═══ Supplied information

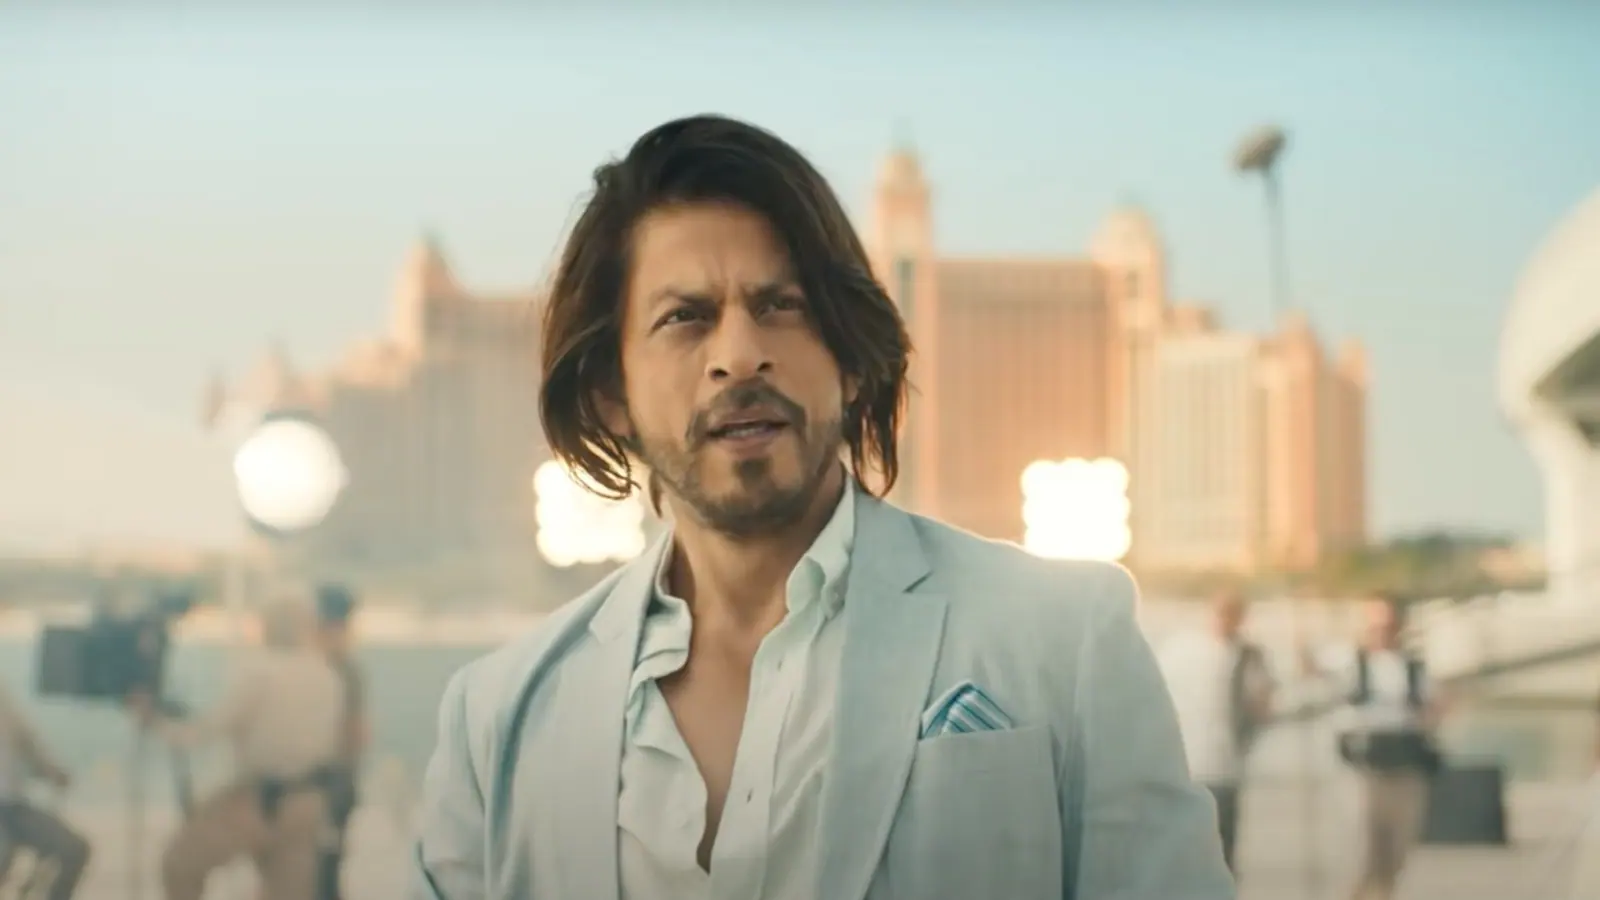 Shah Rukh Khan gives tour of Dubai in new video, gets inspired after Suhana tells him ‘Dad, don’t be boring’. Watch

══════
═══ Supplied information

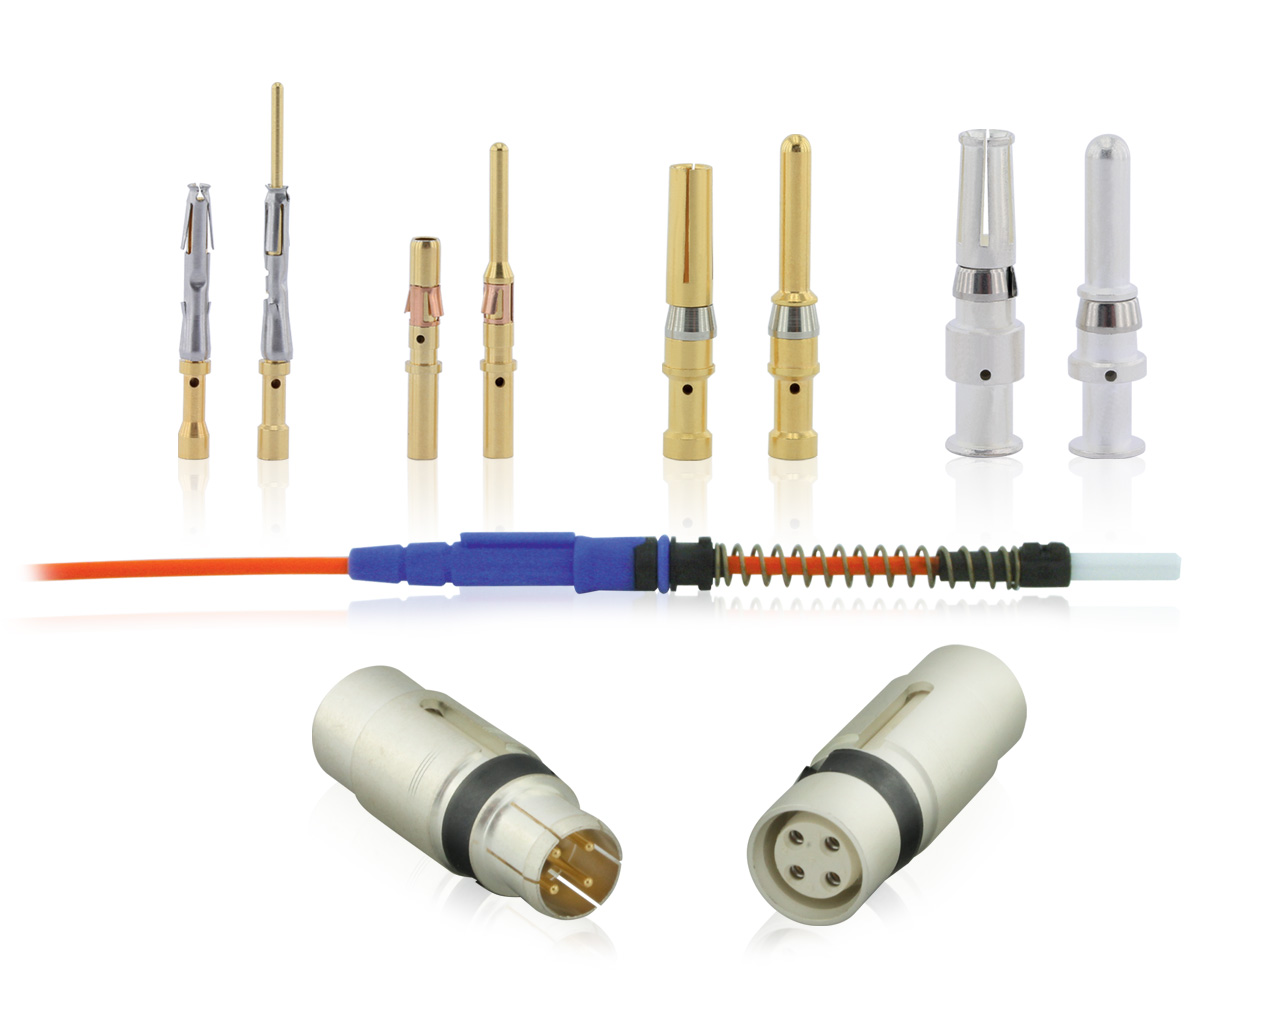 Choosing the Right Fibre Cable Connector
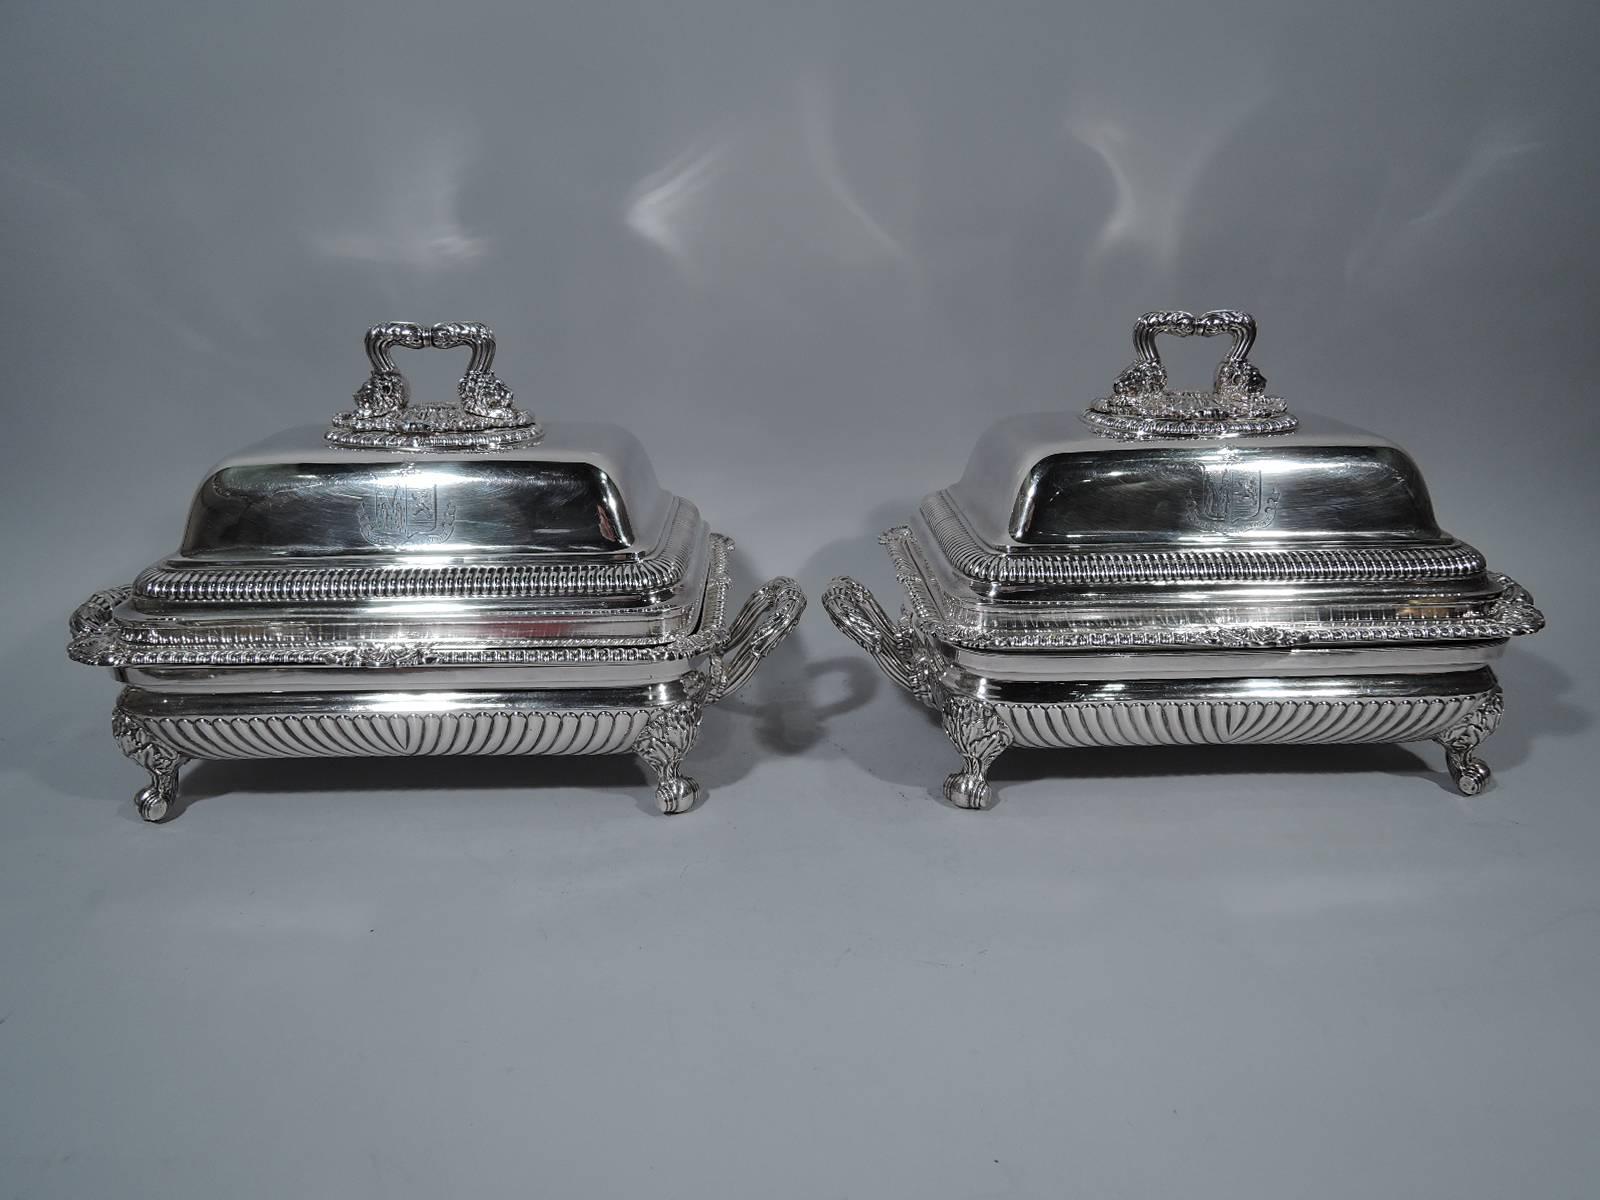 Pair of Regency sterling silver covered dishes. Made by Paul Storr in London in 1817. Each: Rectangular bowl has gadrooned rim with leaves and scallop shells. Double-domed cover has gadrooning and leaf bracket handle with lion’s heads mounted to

══════
═══ Supplied information

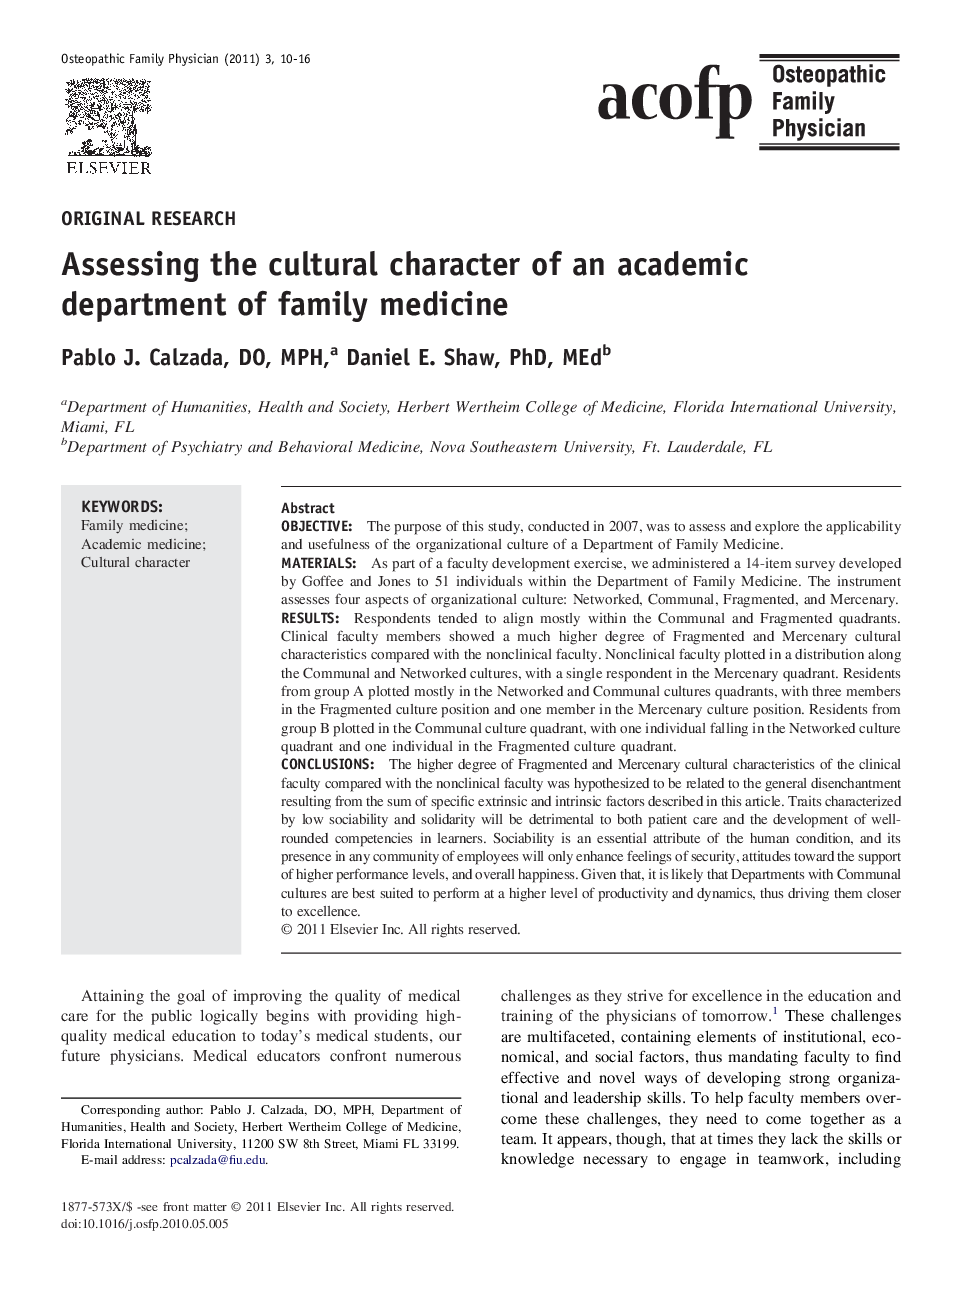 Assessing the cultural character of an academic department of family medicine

══════

The line holding "Choosing the Right Fibre Cable Connector" starts the copy and the line holding "Pair of Regency" ends it. Repeat those two lines above and all between them exactly, leaving out pictures.

 Choosing the Right Fibre Cable Connector
 Pair of Regency sterling silver covered dishes. Made by Paul Storr in London in 1817. Each: Rectangular bowl has gadrooned rim with leaves and scallop shells. Double-domed cover has gadrooning and leaf bracket handle with lion’s heads mounted to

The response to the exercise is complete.